• [Aim of the exercise]
The whole listing should be retyped word for word, apart from the pictures it holds.

• [Dataset excerpt]
######

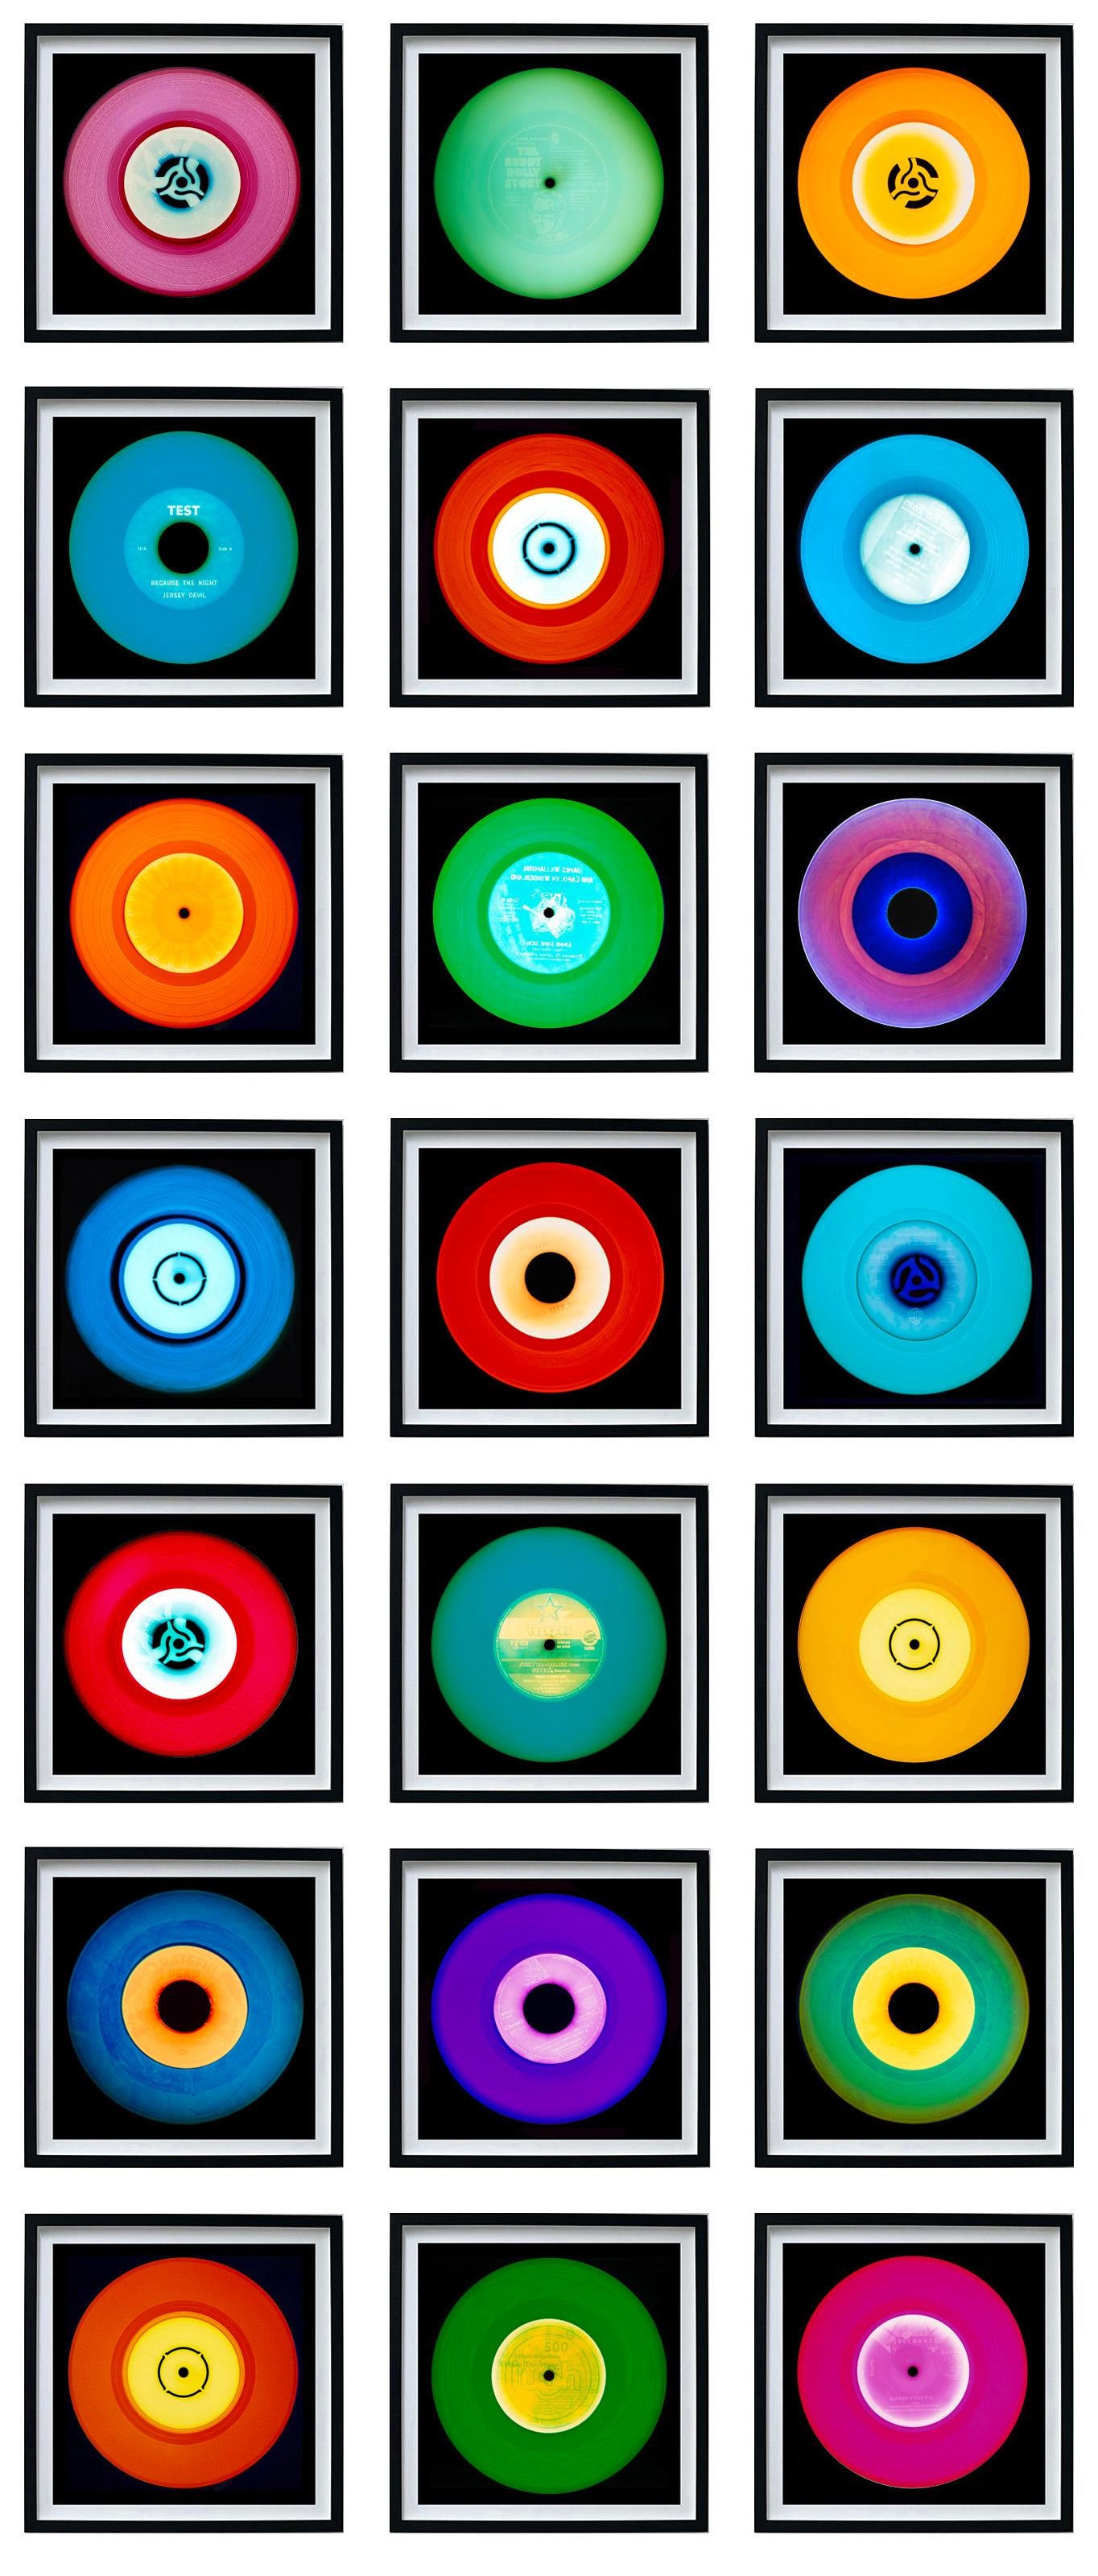 Heidler & Heeps Vinyl Collection Twenty-One Piece Multi-color Installation.
Die renommierten zeitgenössischen Fotografen Richard Heeps und Natasha Heidler haben für diese wunderschöne, faszinierende Kollektion zusammengearbeitet. Ein Fest der
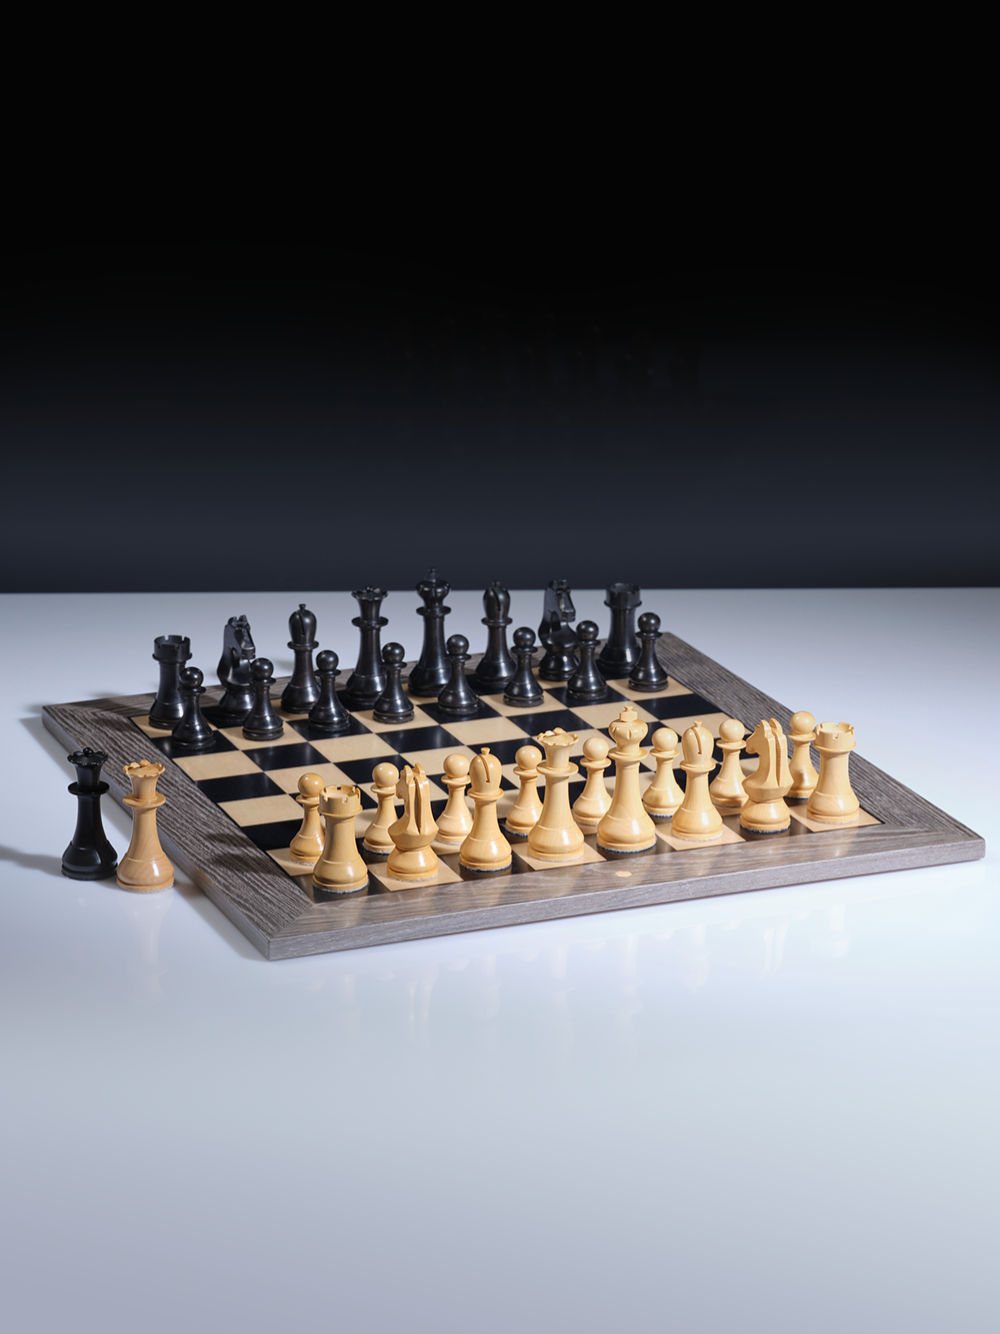 2021 World Chess Championship: Game #5 - The Chess Drum
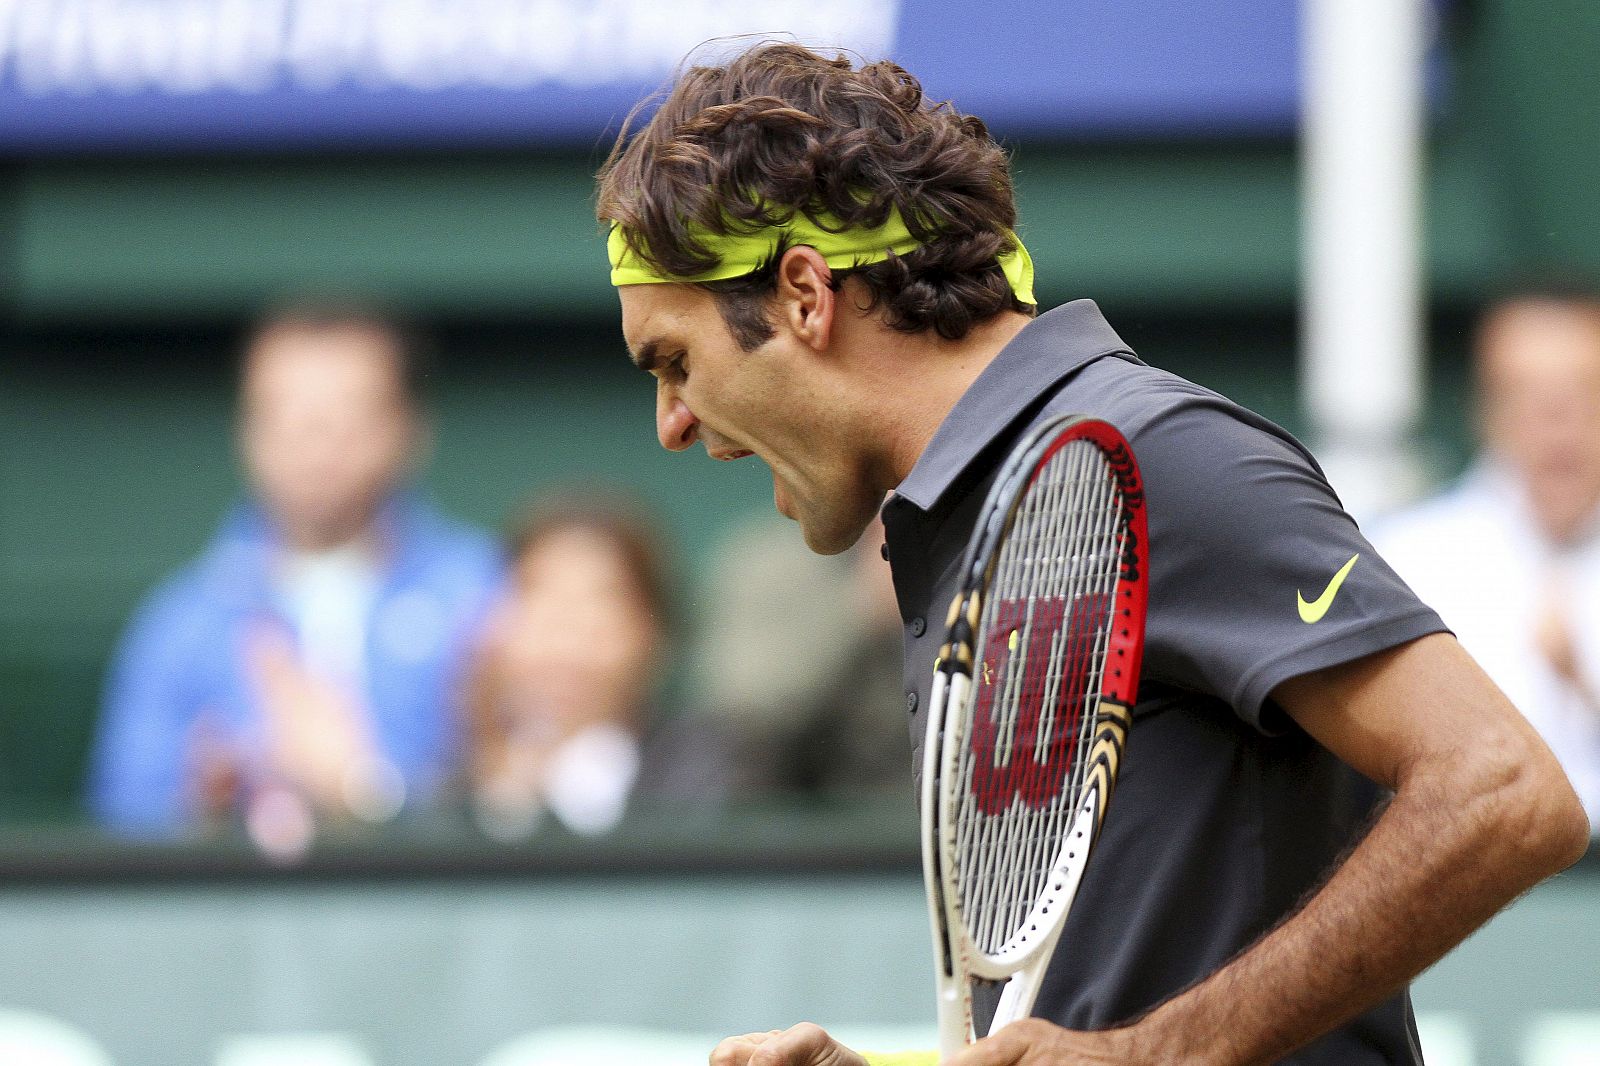 El tenista suizo Roger Federer celebra tras vencer.

######

• [Final answer]
 Heidler & Heeps Vinyl Collection Twenty-One Piece Multi-color Installation.
Die renommierten zeitgenössischen Fotografen Richard Heeps und Natasha Heidler haben für diese wunderschöne, faszinierende Kollektion zusammengearbeitet. Ein Fest der
 2021 World Chess Championship: Game #5 - The Chess Drum
 El tenista suizo Roger Federer celebra tras vencer.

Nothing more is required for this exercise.